Michele Landolfi (1878-1959) was an Italian physician.

Chief Editor of the Italian journals “Folia Medica” and “Riforma Medica” and long time Professor of Medical Semiotics at the University of Naples. Landolfi was founder and first President of the Neapolitan section of Associazione Volontari Italiani del Sangue (AVIS)

Landolfi studied pulmonary tuberculosis and invented the phonacoscope (fonacoscopio) to aid in diagnosis. Best remembered for Landolfi sign in severe aortic regurgitation which he described in 1909


Biography
  • Born on March 3, 1878 in Airola, Italy
  • 1902 – Graduated medical school in Naples as a pupil of Leonard Bianchi (1848–1927), Pietro Francesco Castellino (1864–1933) and Antonio Cardarelli (1831–1927)
  • 1903 – Assistant to Domenico Capozzi (1829–1907) at the l’Ospedale degli Incurabili, Naples
  • 1904 – Lecturer at III Clinica medica di Gaetano Rummo
  • 1906 – Invented and patented the ‘fonacoscopio‘ for the diagnosis of pulmonary tuberculosis
  • 1919 – Ran for local government for the “Democratico sociale”
  • Professor of Semiotica Medica nell’Università di Napoli “Federico II”
  • Honors include: Commendatore della Corona d’Italia and Cavaliere dell’Ordine Mauriziano
  • Died on March 7, 1959 in Napoli

Medical Eponyms
Landolfi sign (1909)

Rapidly alternating systolic constriction and diastolic dilation of the pupil occurring in severe aortic regurgitation. Believed to be an exaggeration of the physiologic circulatory hippus in the iridal vessels due to high pulse pressure and large stroke volume

Pupillary hippus is the spasmodic, cyclical and bilaterally in-phase fluctuations in pupil size in the absence of external influences such as luminance, mood and fixation. Its mechanism remains unclear but is hypothesised to be due to the continuous neurologic antagonism of the SNS and PSNS as well as respiratory and cardiac activity.
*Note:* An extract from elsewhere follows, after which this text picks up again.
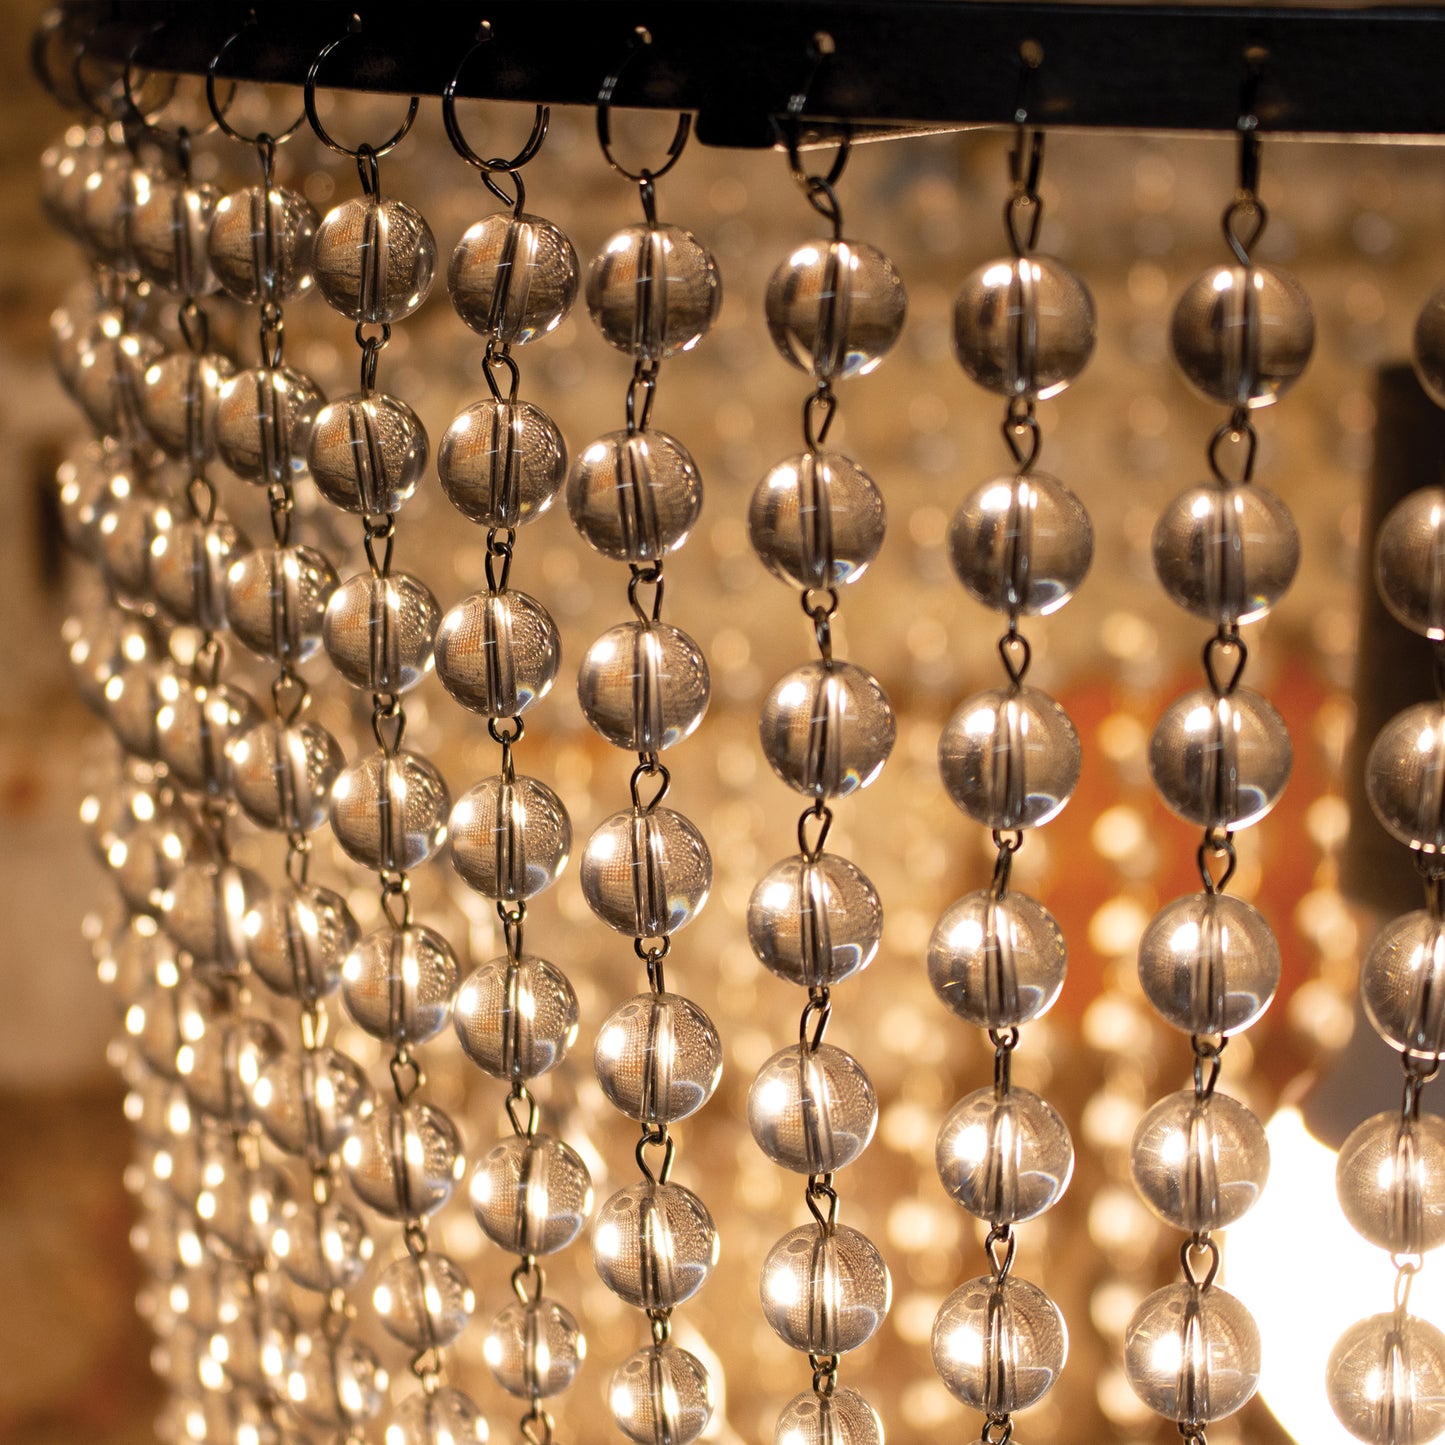 Glass Bead Pendant Ceiling Light chandelier

Landolfi examined twenty-four patients with grave aortic insufficiency, and found in one circulatory hippus.

…rhythmic movement of narrowing and dilatation of the pupil independent of the will of the patient and the ambient lighting….because the changes of the iris were synchronous to the movements of the heart, narrowing of the pupil corresponded to ventricular systole and dilatation to diastole.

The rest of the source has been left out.